Alexandru Lapedatu joined the National Renaissance Front established by King Carol II of Romania (Royal Decree Nr. 4321 from 15 December 1938) as the only political organization legally allowed in the country; Carol II transformed the Front into the Party of the Nation (Royal Decree Nr. 2056 from 22 June 1940) that was disbanded by the prime minister Ion Antonescu (Decree of 9 September 1940) three days after Carol's abdication.

After King Michael's Coup d'état from 23 August 1944 that removed Ion Antonescu from power, the political parties prepared to re-enter the political life and Alexandru Lapedatu assumed leadership for the effort to rebuild the National Liberal Party-Brătianu in Transylvania (a parallel effort with the same objective was led by Gheorghe Tătărăscu). Alexandru Lapedatu entered in some circumscriptions in Transylvania in an electoral cartel with the Peasants' Party obtaining a modest and ephemeral electoral success in the elections from 19 November 1946, when two candidates were elected: Lapedatu in Cluj and Vasile Netea in Satu Mare, in spite of the tremendous pressure and falsifications perpetrated by the so-called Bloc of Democratic Parties dominated by the Communists. He soon recognized that the communist repression would prevail, but did not give up hope: on 30 September 1949, it was reported to the Securitate that Alexandru Lapedatu "believes in the future of the nation and in the capitulation of Russia and of communism". His vision has been confirmed more than 50 years later, with the fall of the Berlin Wall.

=== International missions ===
In 1917, the Central Powers armies occupied Bucharest and were advancing towards Iași. The Romanian Government decided to move the State Treasury to Russia in two transports, delegating Alexandru Lapedatu to accompany the second one that included cultural goods. He left Iași for Moscow on 28 July 1917, and stayed there until 19 December 1917, experiencing the arrival of the Bolshevik revolution.

Alexandru Lapedatu was a member of the Romanian delegation to the Paris Peace Conference (1919), participating in the negotiations on three instances: December 1918 – June 1919, taking part in the signature ceremony of the Treaty of Versailles; again July – August 1919 participating in the incipient phase of the negotiations concerning Bessarabia; and finally December 1919 – March 1920, contributing to the negotiations with Hungary that will be concluded by the Treaty of Trianon.

On 31 March 1922, he was nominated as a delegate and technical adviser in the Romanian Delegation to the Genoa Economic and Financial Conference (10 April – 19 May 1922) in which representatives from 34 nations addressed the Europe restoration in the aftermath of World War I.

Alexandru Lapedatu was the head of the Romanian delegation to the Inter-Parliamentary Conferences in Rome (1936) and in Paris (1937), and also participated in the XXXV Conference in Oslo (15–19 August 1939), one of the last efforts to secure peace just a few days before the beginning of the World War II.

=== Romanian Participation in the Paris Peace Conference (1919) ===
Alexandru Lapedatu engaged politically in working for the Romanian unity in 1918, as President of the National Committee of the Romanian Refugees from Austria-Hungary, established in Odessa on 21 January 1918, then moved to Iași.
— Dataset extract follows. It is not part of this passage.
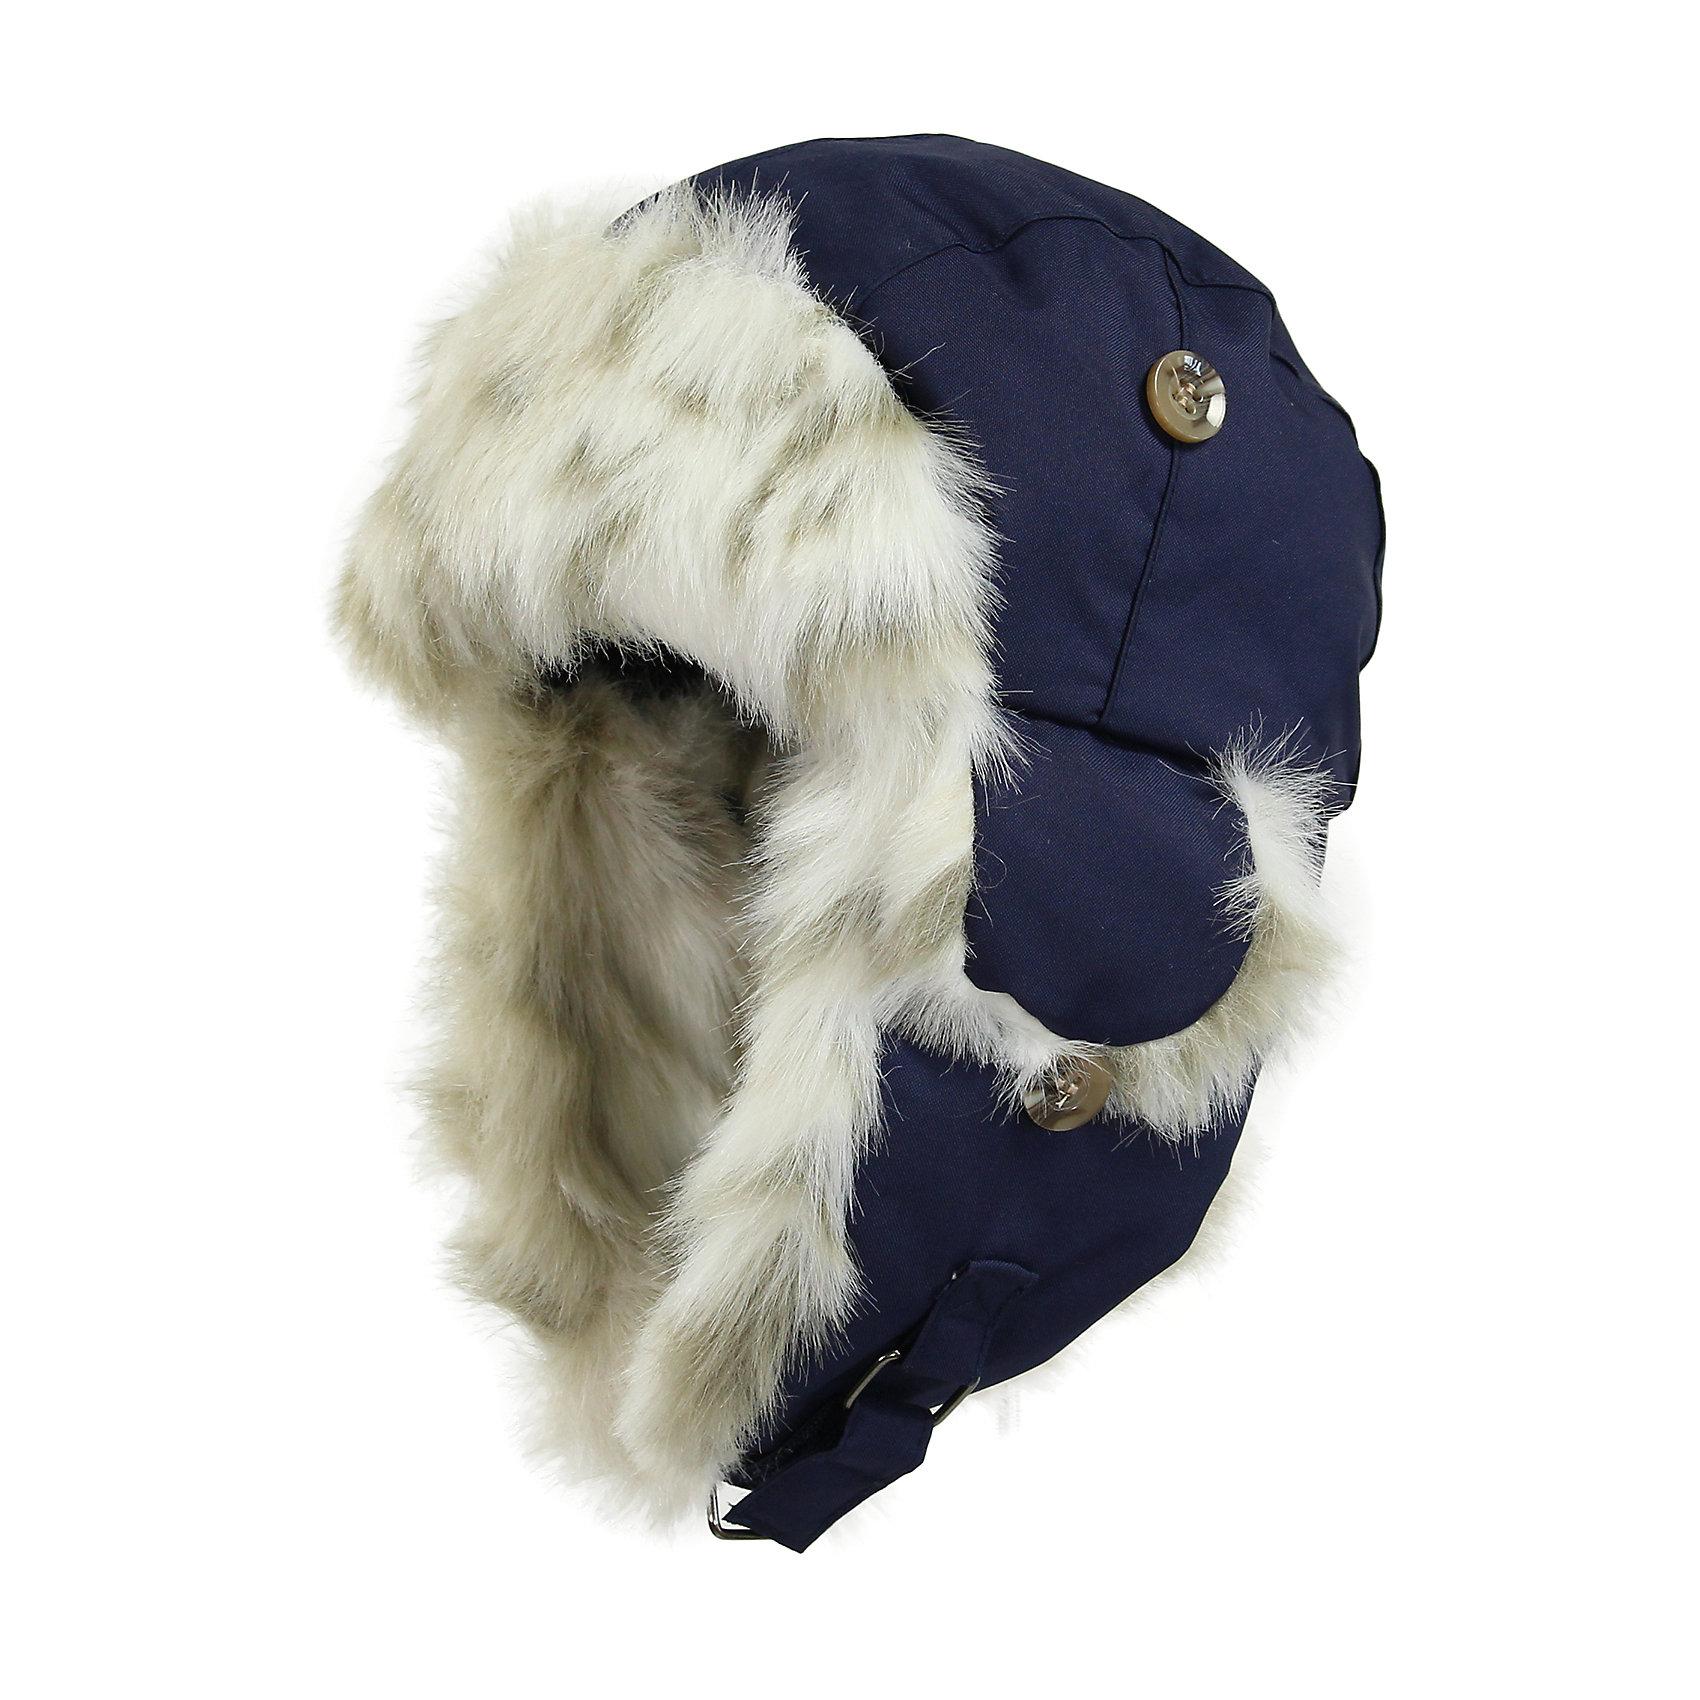 Шапка для мальчика HuppaДетская зимняя шапка ярких цветов с легким ватином. У шапки подкладка из искусственного меха (80% акрила, 20% полиэстера) и дышащая - водоотталкивающая ткань из полиэстера. Для удобства ношения у шапки регулируемая верхняя часть и закрепляющиеся липучкой под подбородком клапаны. Как большие, так и маленькие клапаны можно закрепить на макушке, благодаря чему у одной шапки имеется несколько возможностей ношения. <br><br>Шапку для мальчика Huppa (Хуппа) можно купить в нашем магазине.<br><br>Ширина мм: 89<br>Глубина мм: 117<br>Высота мм: 44<br>Вес г: 155<br>Цвет: синий<br>Возраст от месяцев: 12<br>Возраст до месяцев: 24<br>Пол: Мужской<br>Возраст: Детский<br>Размер: 47-49,55-57,51-53<br>SKU: 4243106

It pursued the political unity of all Romanians and intended to represent them in Tomáš Garrigue Masaryk's Nationality Association in Kiev. Through this committee, Lapedatu connected with key political personalities in Romania and, thanks to the support from the French Ambassador, the Count of Saint-Aulaire, established contacts the Triple Entente's representatives. On 6 / 19 October the Committee issued a Declaration, distributed to all political actors including King Ferdinand I, contesting the manifesto of Charles I of Austria proclaiming the federalization of the Empire and demanding that all territories inhabited by Romanians be united with Romania. Experiencing the depressing installation of a German Mission in Iași as a consequence of the Treaty of Bucharest (1918), Alexandru Lapedatu published the paper "Chestiunea transilvană" ("The Transylvanian Issue") in Neamul Românesc, stating that the solution will be found when the situation of all nationalities will be addressed in the peace negotiations at the end of the war, expected to happen soon.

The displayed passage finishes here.